• PROVIDED DATA:
☆ ☆ ☆
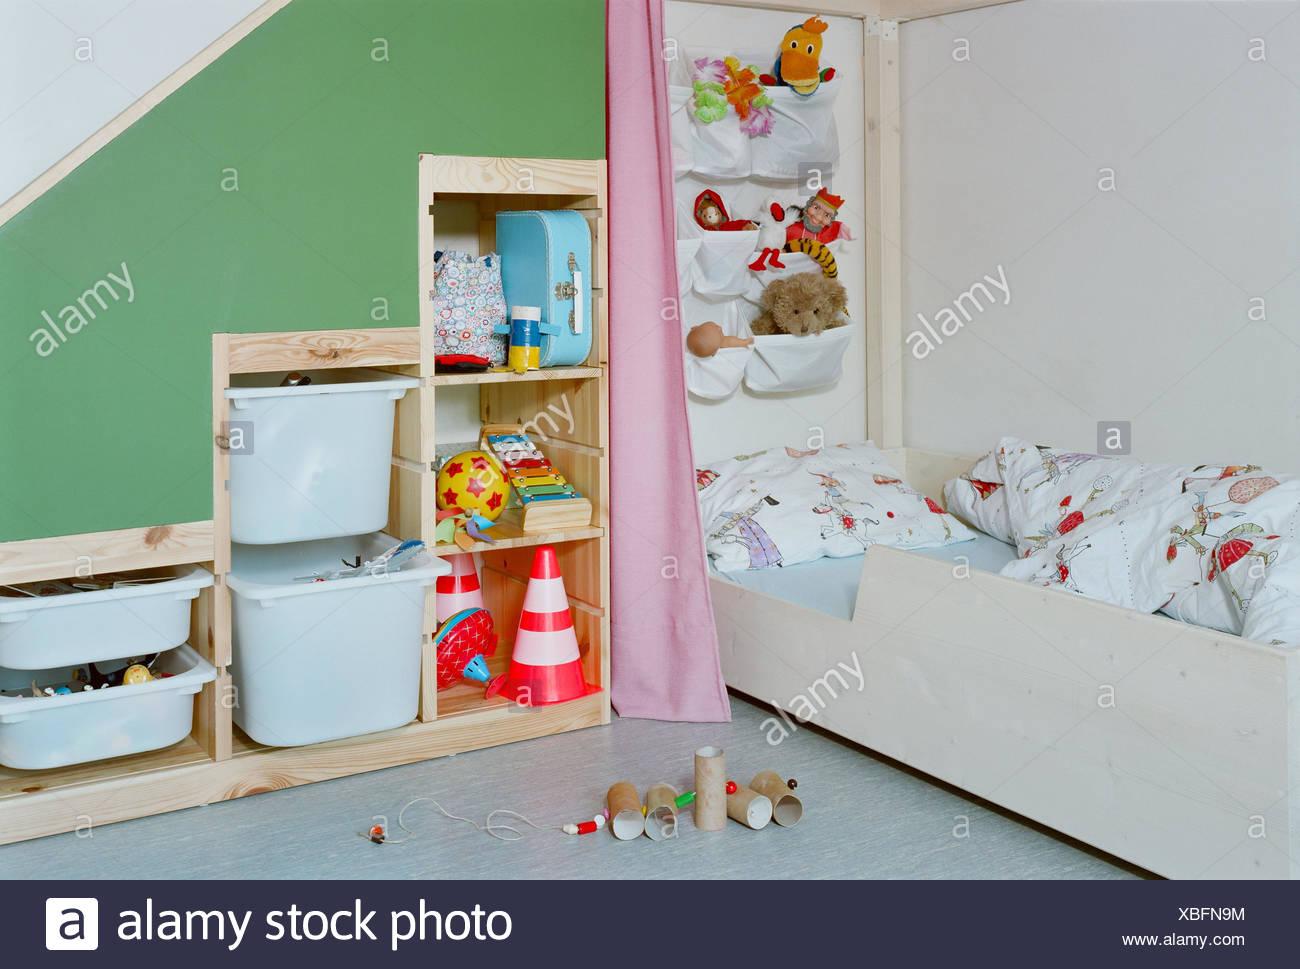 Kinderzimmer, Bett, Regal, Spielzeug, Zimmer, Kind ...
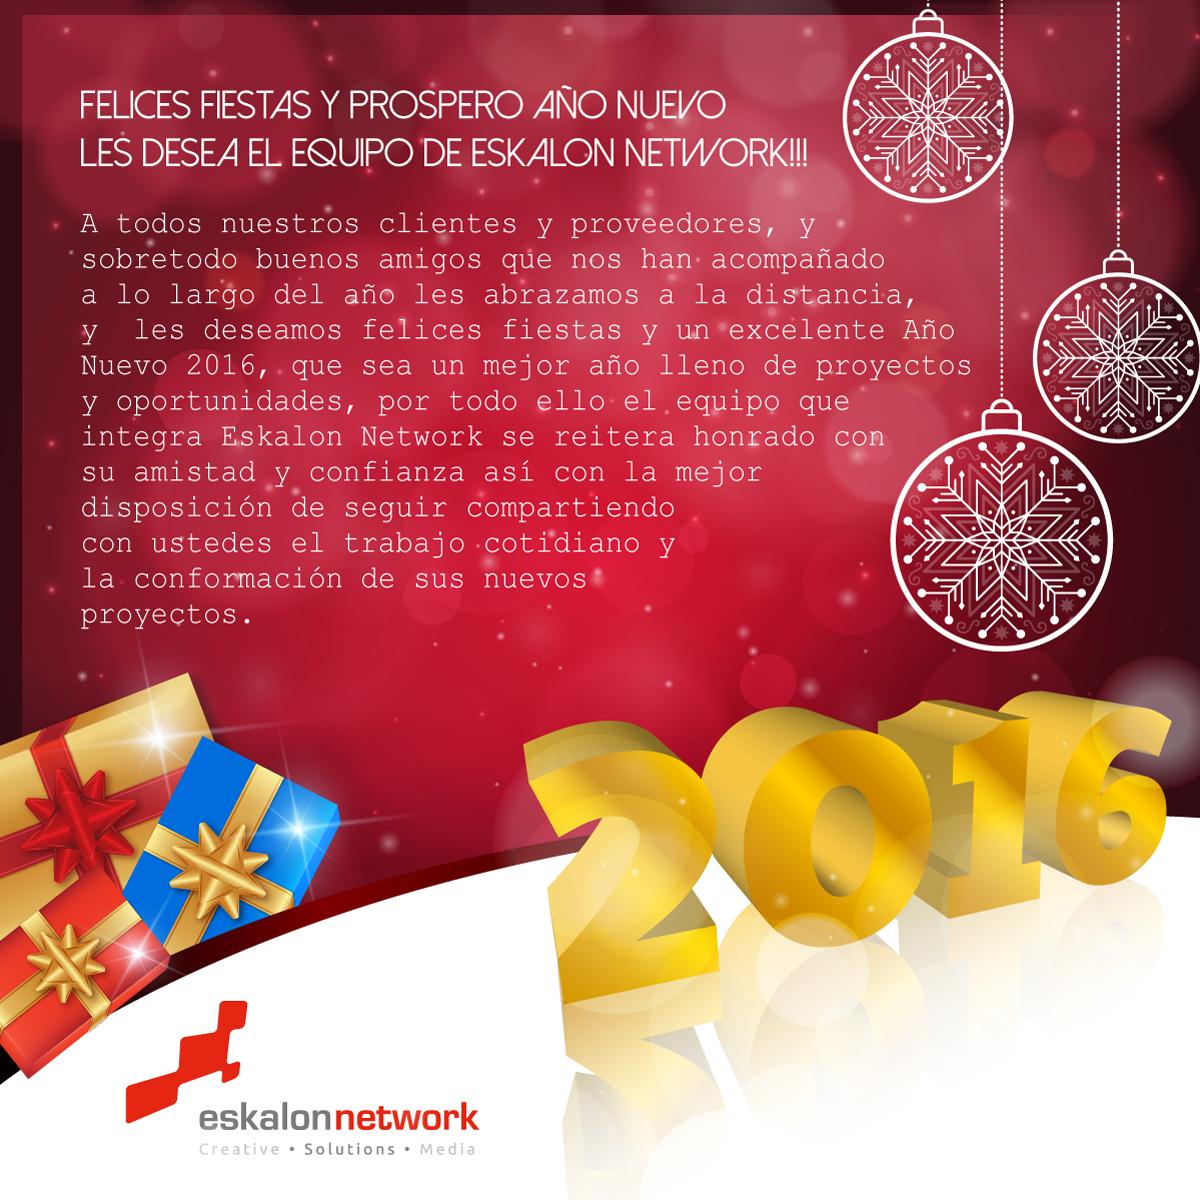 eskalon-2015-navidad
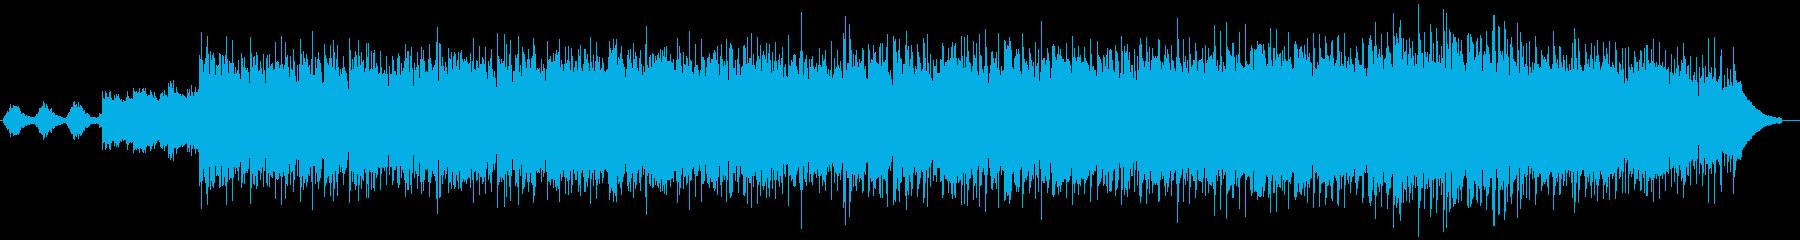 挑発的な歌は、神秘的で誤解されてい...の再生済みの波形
☆ ☆ ☆
• AIM OF THE TASK:
Retype the data in full. Images do not go in the copy.

• YOUR SOLUTION:
 Kinderzimmer, Bett, Regal, Spielzeug, Zimmer, Kind ...
 eskalon-2015-navidad
 挑発的な歌は、神秘的で誤解されてい...の再生済みの波形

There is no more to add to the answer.